Although preferred embodiments of the disclosure have been described using specific terms, devices, and methods, such description is for illustrative purposes only. The words used are words of description rather than of limitation. It is to be understood that changes and variations may be made by those of ordinary skill in the art without departing from the spirit or the scope of the present disclosure, which is set forth in the following claims. In addition, it should be understood that aspects of the various embodiments may be interchanged both in whole or in part. Therefore, the spirit and scope of the appended claims should not be limited to the description of the preferred versions contained therein.

Claims

1. A nutritional formulation or supplement comprising a cow's milk peptide-containing hydrolysate and/or a peptide-containing fraction of the hydrolysate and/or one or more peptides derived from a protein present in cow's milk for use in the induction of tolerance in a human subject,

wherein said peptides contained in the hydrolysate or fraction of hydrolysate comprise T cell epitope-containing peptides or wherein said one or more peptides are T cell epitope-containing peptides, and

wherein said T cell epitope-containing peptides are capable of driving the immune reaction upon intake of the nutritional formulation towards tolerance.

2. The nutritional formulation of claim 1, wherein the tolerance is induced to cow's milk, a protein contained in cow's milk or an allergen contained in cow's milk.
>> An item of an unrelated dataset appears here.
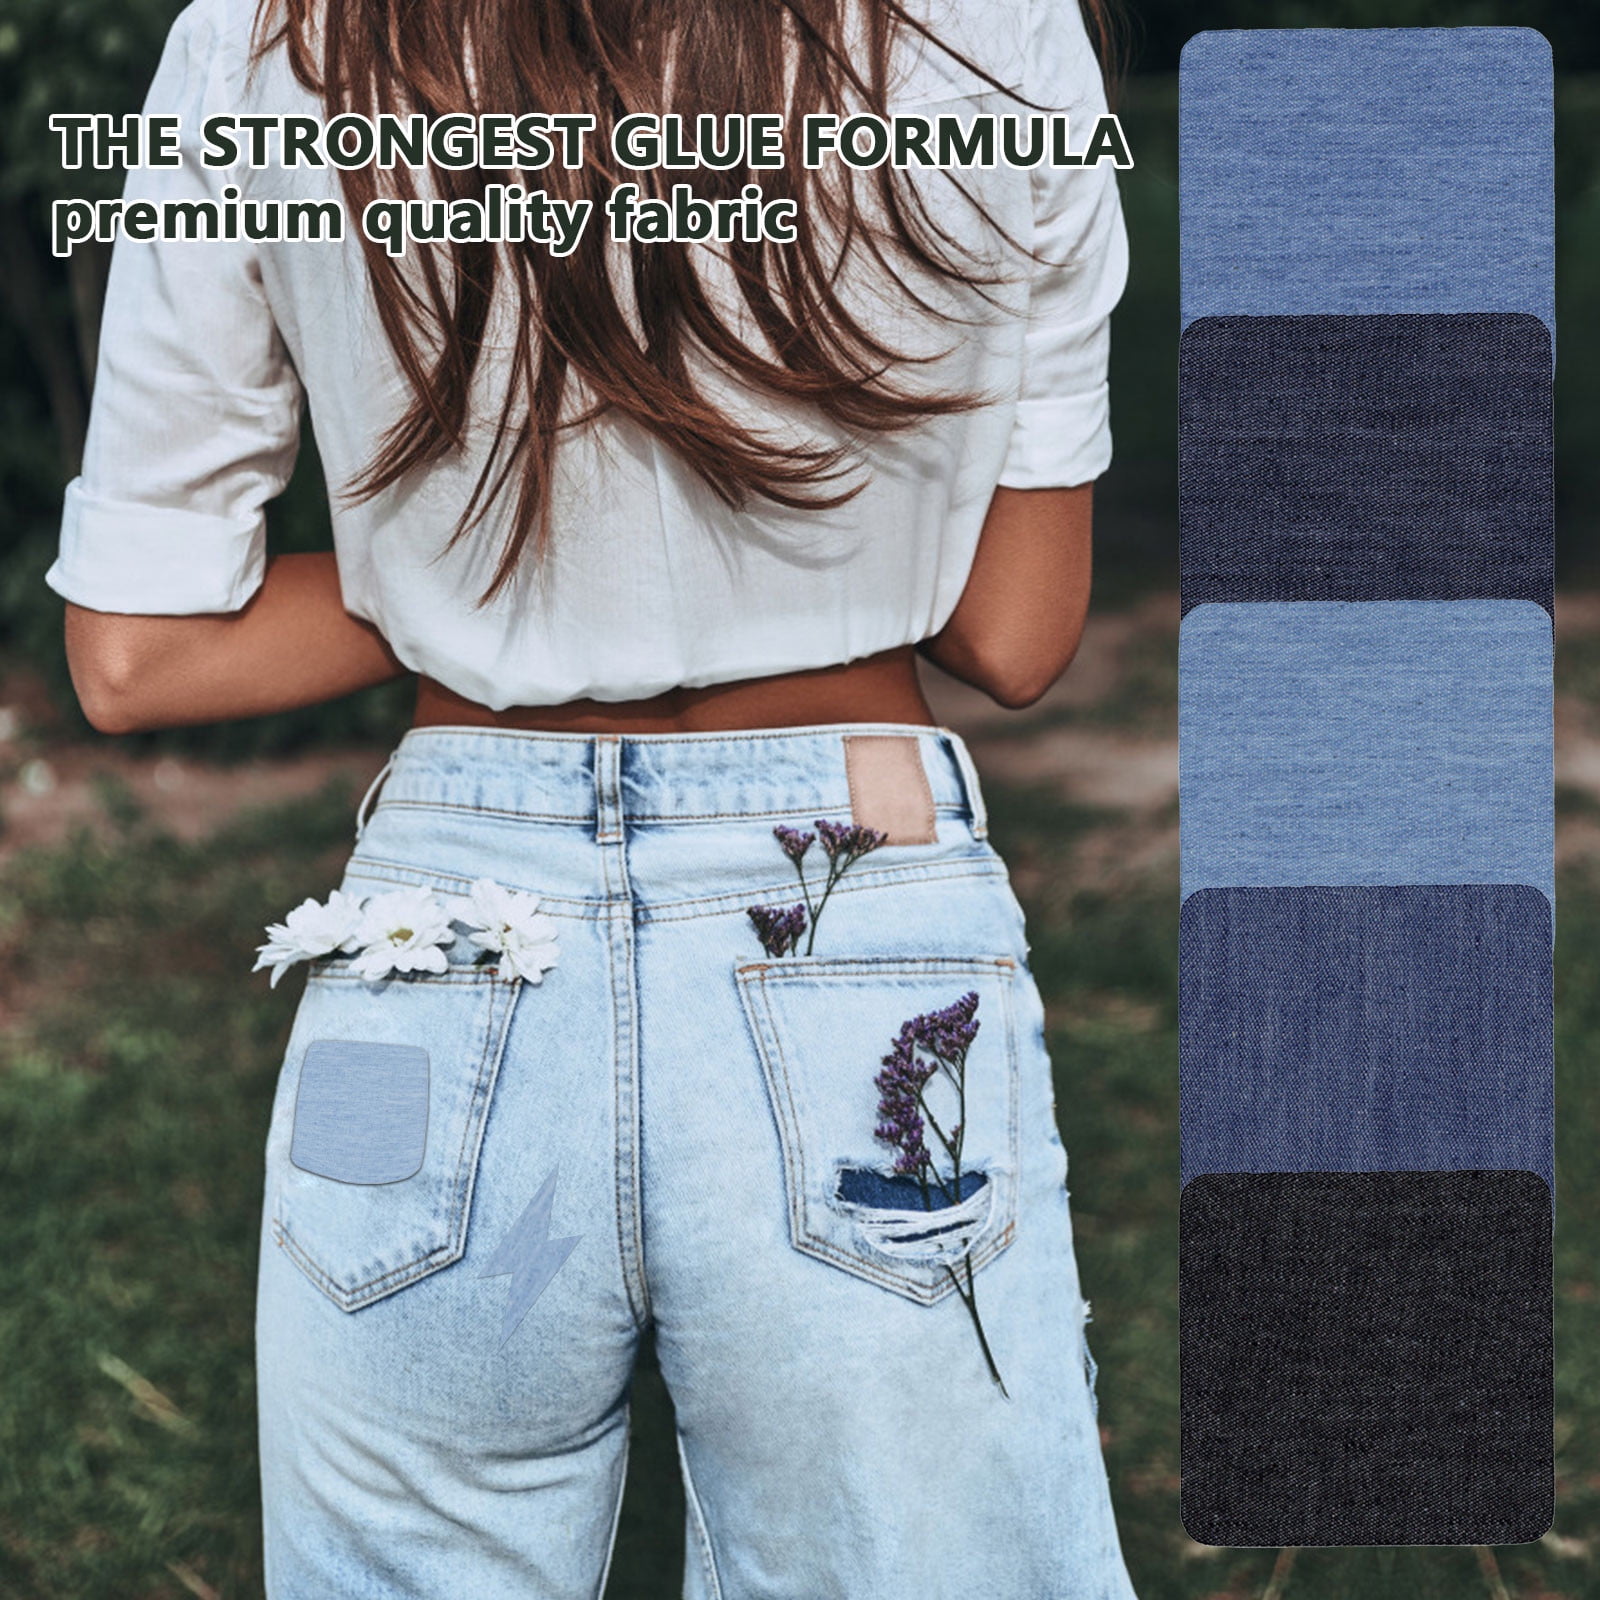 Share 146+ denim patches for inside jeans super hot - dedaotaonec

3. A nutritional formulation or supplement comprising a cow's milk peptide-containing hydrolysate and/or a peptide-containing fraction of the hydrolysate and/or one or more peptides derived from a protein present in cow's milk for use in treating or preventing inflammatory bowel disease,

wherein said T cell epitope-containing peptides are capable of downregulating pro-inflammatory cytokines upon intake of the nutritional formulation.

4. The nutritional formulation of claim 3, wherein the one or more peptides are T cell epitope-containing peptides isolated from the cow's milk peptide-containing hydrolysate.
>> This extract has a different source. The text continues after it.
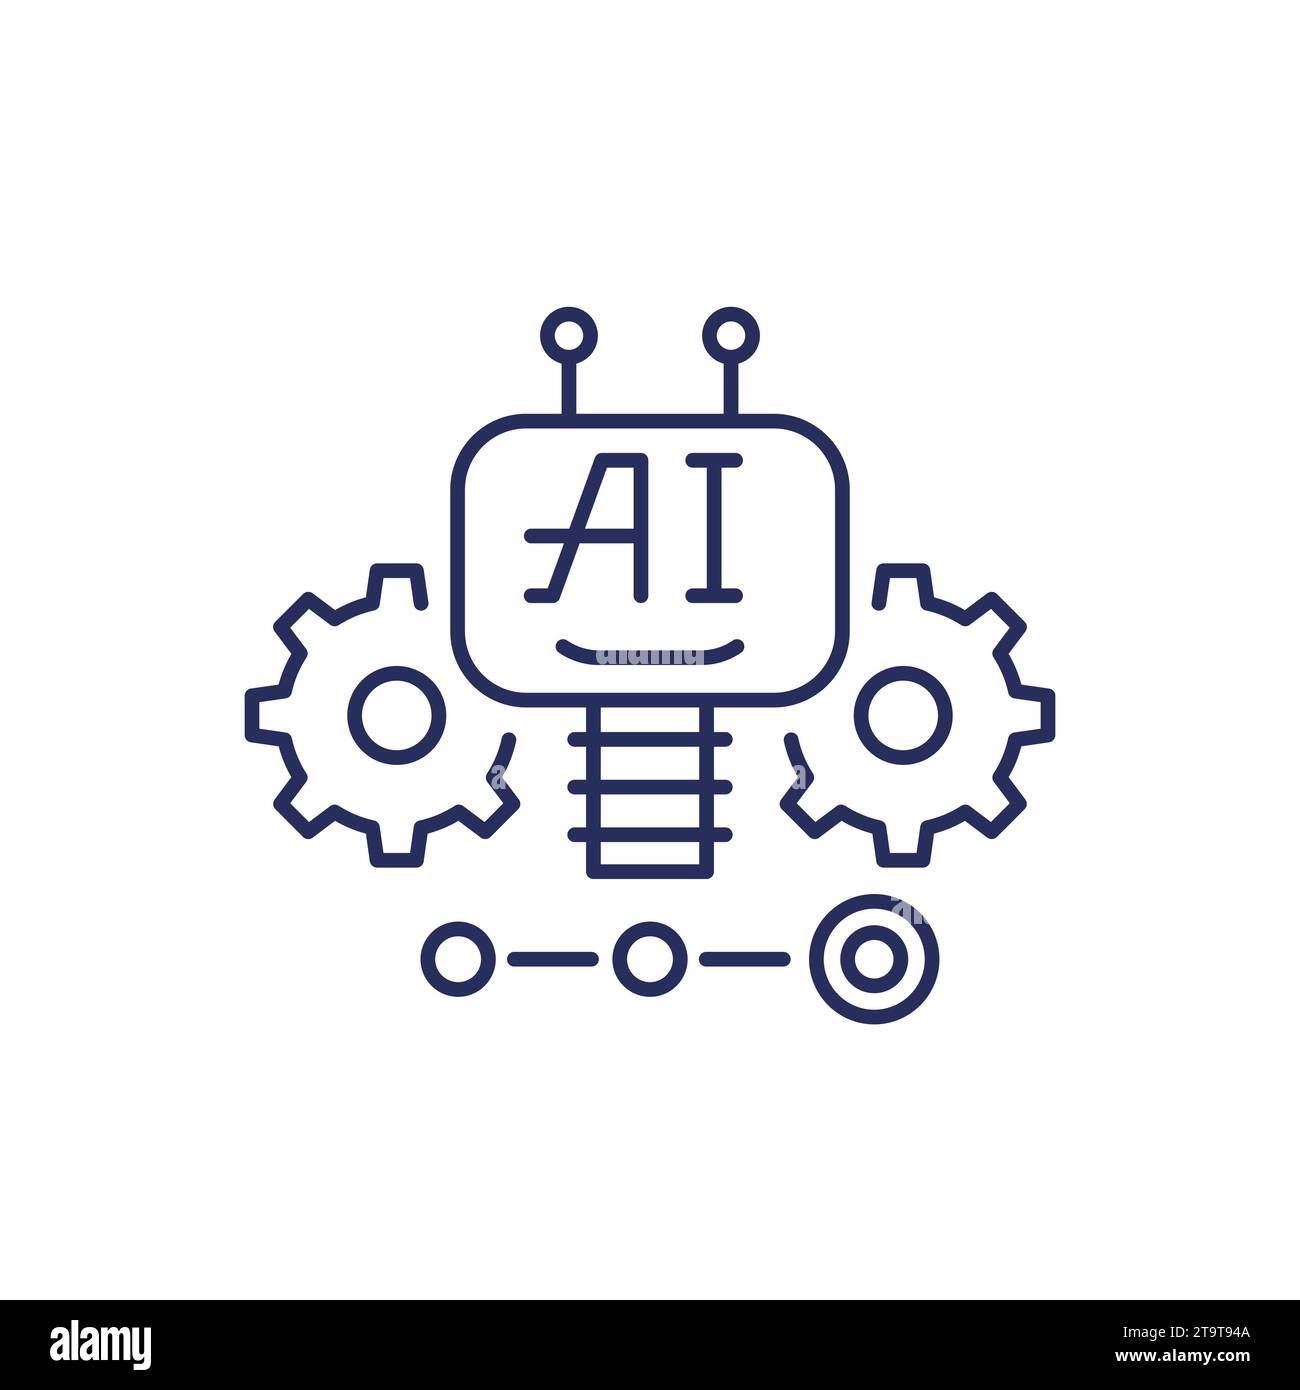 AI bot icon, Artificial intelligence line vector Stock Vector

5. The nutritional formulation of claim 3, wherein the one or more peptides have the amino acid sequence of SEQ ID NO: 3 and/or 4.

6. The nutritional formulation of claim 5, wherein the cow's milk peptide-containing hydrolysate is an extensively hydrolyzed cow's milk peptide-containing hydrolysate.

7. The nutritional formulation of claim 6, wherein the extensively hydrolyzed cow's milk peptide-containing hydrolysate is Nutramigen™, Nutramigen™ base or an extensively hydrolyzed bovine casein-containing hydrolysate.

8. The nutritional formulation of claim 7, wherein the human subject is a child or juvenile.

9. The nutritional formulation of claim 7, wherein the human subject is an adult.

10. The nutritional formulation of claim 9, wherein the human subject has a cow's milk allergy.

11. The nutritional formulation of claim 10, wherein the nutritional formulation additionally comprises one or more of carbohydrates, nucleic acids, lipids, minerals, anabolic nutrients, vitamins, antioxidants, probiotic bacterial strains and lipotropic agents.

12. The nutritional formulation of any of claim 3, wherein the tolerance is induced transiently.